Okay, here's the bit that you seem to take exception to (it's spread
over both pages):

"We can define the real power in an AC circuit as the equivalent DC
power that would produce the same amout of heating in a resistive load
as the applied AC waveform. [In a purely resistive load] we can use
the root mean square (RMS) values (Vrms and Irms) to find this
equivalent or RMS power."

Then the equation "P = Vrms x Irms"

Where "P" here explicitly refers to RMS power.

This is something you have stated clearly that you disagree with.
--

"What is now proved was once only imagin'd." - William Blake, 1793.

Paul, I apologize. My browser showed only the first of the two pages,
and I didn't realize that the second was there. While looking for the
quotation I found that the second page was simply scrolled off screen.

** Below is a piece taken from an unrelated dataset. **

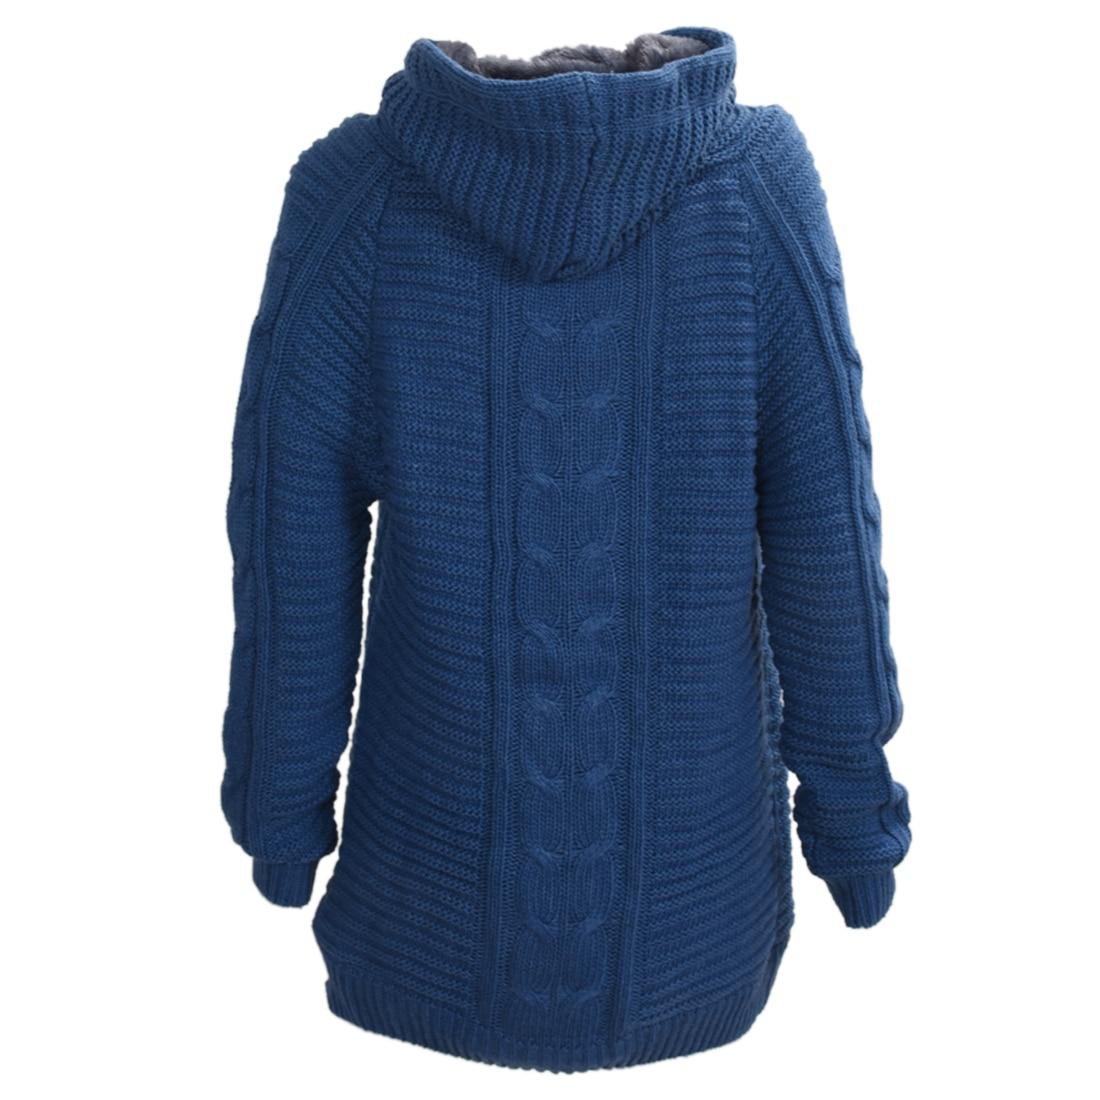 Aliexpress.com : Buy New Womens Cardigan Knit Hoodie Mid long ...

Yes, there is one thing (on that second page) I do disagree with the
author on, that the equivalent power, the product of Vrms and Irms, is
"RMS" power. I did a brief web search to find out who the author was so
I could contact him about that, and discovered that it's Joe Carr.
Unfortunately, he died a short time ago.

Maybe my suggestion about looking in non-mathematical texts for an
explanation wasn't such a good idea. It appears that some of the authors
of those texts don't fully understand the math either. I'll have to say
that you certainly have provided some evidence as to how widespread the
misconception is. Next time I'm downtown at Powell's Technical
Bookstore, I'll leaf through a few volumes oriented toward technicians
and see just how bad it is. All I have on my bookshelf in the way of
basic circuit analysis texts is two (Pearson and Maler, and Van
Valkenburg) which are intended for beginning engineering students, and
they of course both have it right. A popular elementary physics text
which I have, Weidner & Sells, _Elementary Classical Physics_, Vol. 2,
succinctly summarizes (p. 913): "Thus, the average rate at which thermal
energy is dissipated in the resistor is the product of the rms voltage
across it and the rms current through it." This follows immediately
below an equation showing the calculation of pav from the classical
definition of average which I posted some time ago.

In response to the question about Vrms, Irms, and equivalent power, I
said that when Vrms = 100 volts and Irms = 1 amp, Pavg = 100 watts and
Prms is about 122.5 watts. I haven't had any previous occasion to
calculate RMS power, so I might have made a mistake. According to my
calculation, for sinusoidal voltage and current, the RMS power equals
the average power (which is Vrms X Irms when the load is resistive)
times the square root of 1.5. Surely some of the readers of this group
can handle the calculus involved in the calculation -- it's at the level
taught to freshman engineering students, and now often taught in high
school. The calculation isn't hard, but it's a little tedious, so
there's ample opportunity to make a mistake. I'd very much appreciate if
one of you would take a few minutes and double-check my calculation. Or
check it with Mathcad or a similar program. I'll be glad to get you
started if you'll email me. And I'll be glad to post a correction if I
did make a mistake.

Roy Lewallen, W7EL

Paul Burridge wrote:

On Tue, 19 Oct 2004 12:20:29 -0700, Roy Lewallen
wrote:


I really appreciate the compliment, and will do my best to try and
deserve it.

Please look very carefully at the diagram at the URL you've posted, and
notice that it's a voltage waveform (see the labeling of the vertical
axis). Then read the text very carefully. Neither the diagram nor the
text contradict what I've said. If you think it does, post the reason
why, and I'll try to clear it up.


Okay, here's the bit that you seem to take exception to (it's spread
over both pages):

"We can define the real power in an AC circuit as the equivalent DC
power that would produce the same amout of heating in a resistive load
as the applied AC waveform. [In a purely resistive load] we can use
the root mean square (RMS) values (Vrms and Irms) to find this
equivalent or RMS power."

Then the equation "P = Vrms x Irms"

Where "P" here explicitly refers to RMS power.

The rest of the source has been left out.